By - Jim Vess

U.S. greenhouse gas emissions rose across all sectors in 2018, Rhodium says

Energize Weekly, January 16, 2019

U.S. carbon dioxide emissions linked to energy use rose for the first time in three years in 2018—with all sectors from power generation to manufacturing to home heating—posting increases.

There was a 3.4 percent increase in emissions, according to a study by the Rhodium Group, an energy and economic analytics consultant.

“This marks the second largest annual gain in more than two decades—surpassed only by 2010 when the economy bounced back from the Great Recession,” the study, based on preliminary data for power generation, as well as natural gas and oil consumption, said.

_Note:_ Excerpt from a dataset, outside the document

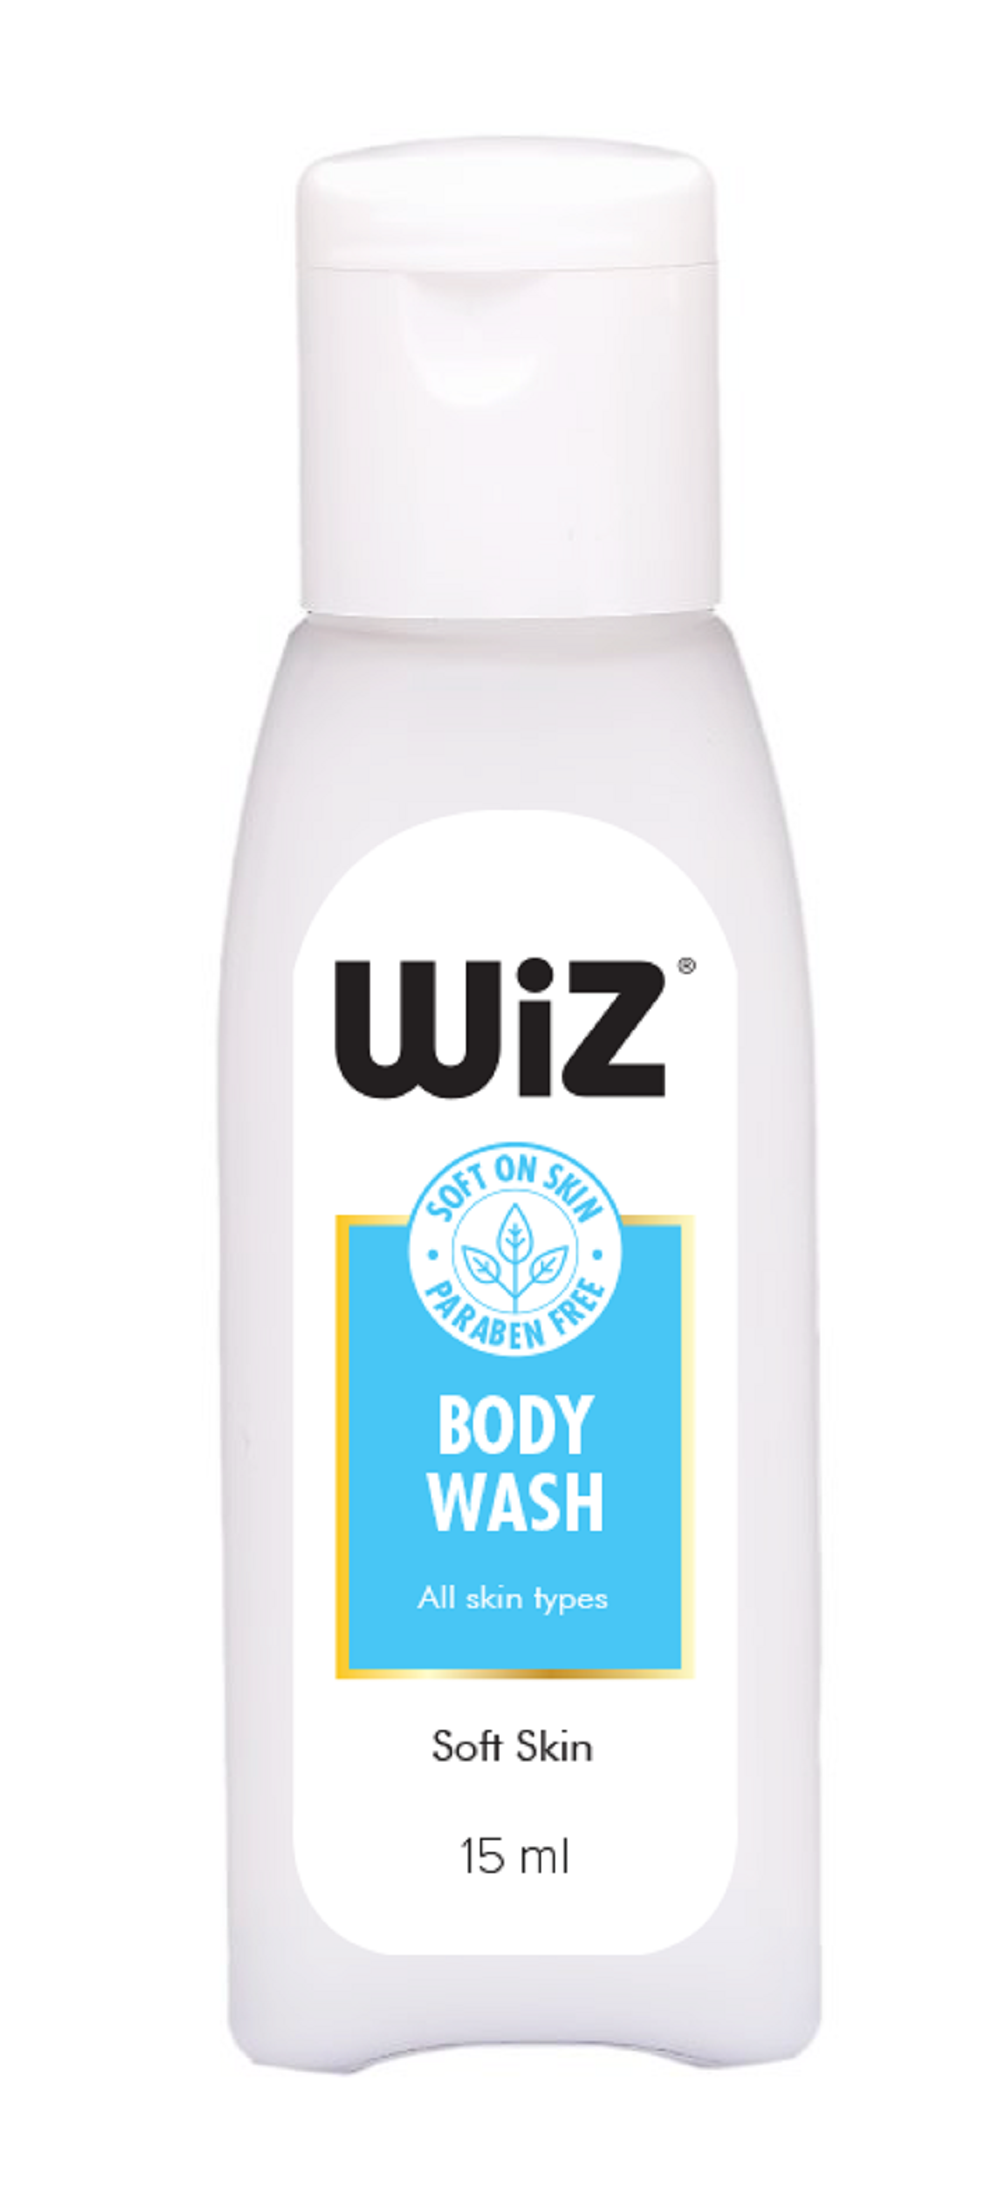 Wiz Hotel Guest Kit 15ml Body Wash Body Lotion Shampoo Conditioner
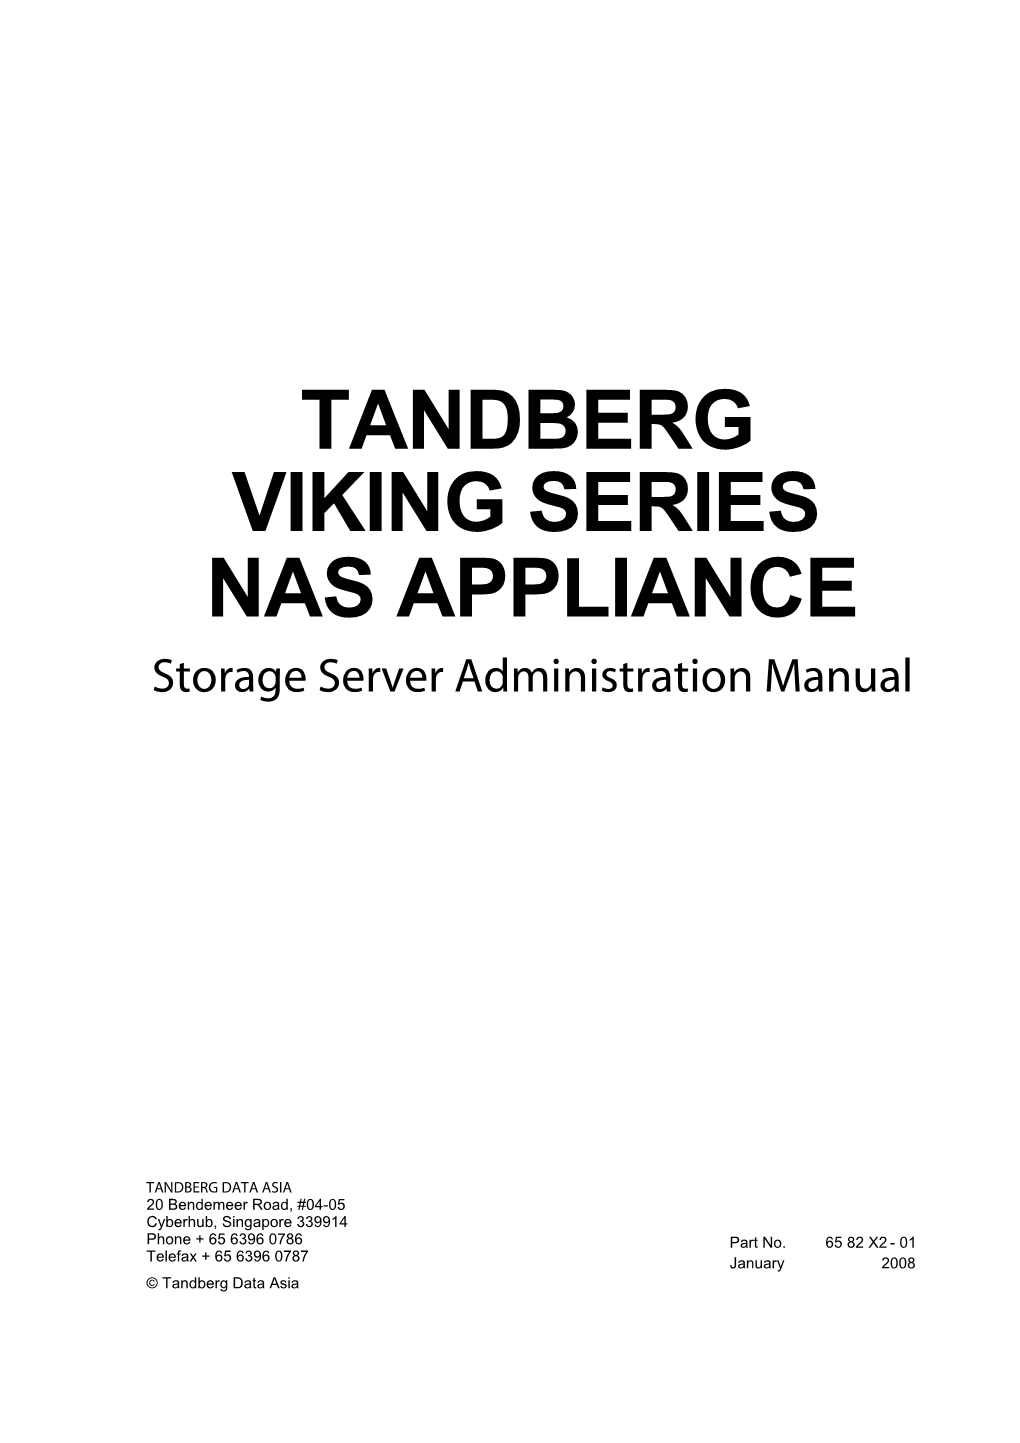 TANDBERG VIKING SERIES NAS APPLIANCE Storage Server Administration Manual

The Rhodium emission estimates were only for energy-related carbon dioxide emissions, which account for three-quarters of total U.S. greenhouse gas emissions.

The utility sector had been showing declines in emissions as coal-fired power plants were retired—13.7 gigawatts (GW) of coal plants had retired or were set to retire by the end of 2018, Rhodium said.

Nevertheless, power sector emissions were up in 2018 by 1.9 percent, 34 million metric tons, as 14.9 GW of natural gas plants were added, double the amount of wind and solar.

Transportation continued to be the largest single source of carbon emissions, growing an estimated 1 percent, about the same growth rate as 2017.

A drop in the demand for gasoline, it was down 0.1 percent, was offset by increases in the consumption of diesel, up 3.1 percent and jet fuels, 3 percent, as trucking and air travel increased over the year.

“The largest emissions growth in 2018 occurred in the two sectors most often ignored in clean energy and climate policymaking: buildings and industry,” the study said.

Some of emissions increase for buildings was due to unusually cold weather at the start of the year—the number of heating degree days across the U.S. increased 15 percent in the first quarter of 2018.

“But it also highlights the limited progress made in developing decarbonization strategies for these sectors,” Rhodium said.

Direct emissions from residential and commercial buildings increased 10 percent in 2018 to their highest level since 2004. This is primarily from fuel oil, diesel and natural gas used for heating and cooking.

“While there have been modest improvements in the efficiency of oil and natural gas furnaces, it is not enough to offset the emissions impact of population growth and increased demand for heating and other non-electric building energy services,” the analysis said.

Rhodium said its preliminary estimates indicated that the industrial sector posted the largest emission increase for the year at 55 million metric tons. This was primarily due to increased industrial activity.

But without significant changes in policy or major technological breakthroughs, Rhodium said that the industrial sector will become an increasingly larger share of U.S. greenhouse gases.

“We expect it to overtake power as the second leading source of emissions in California by 2020 and to become the leading source of emissions in Texas by 2022,” the study said.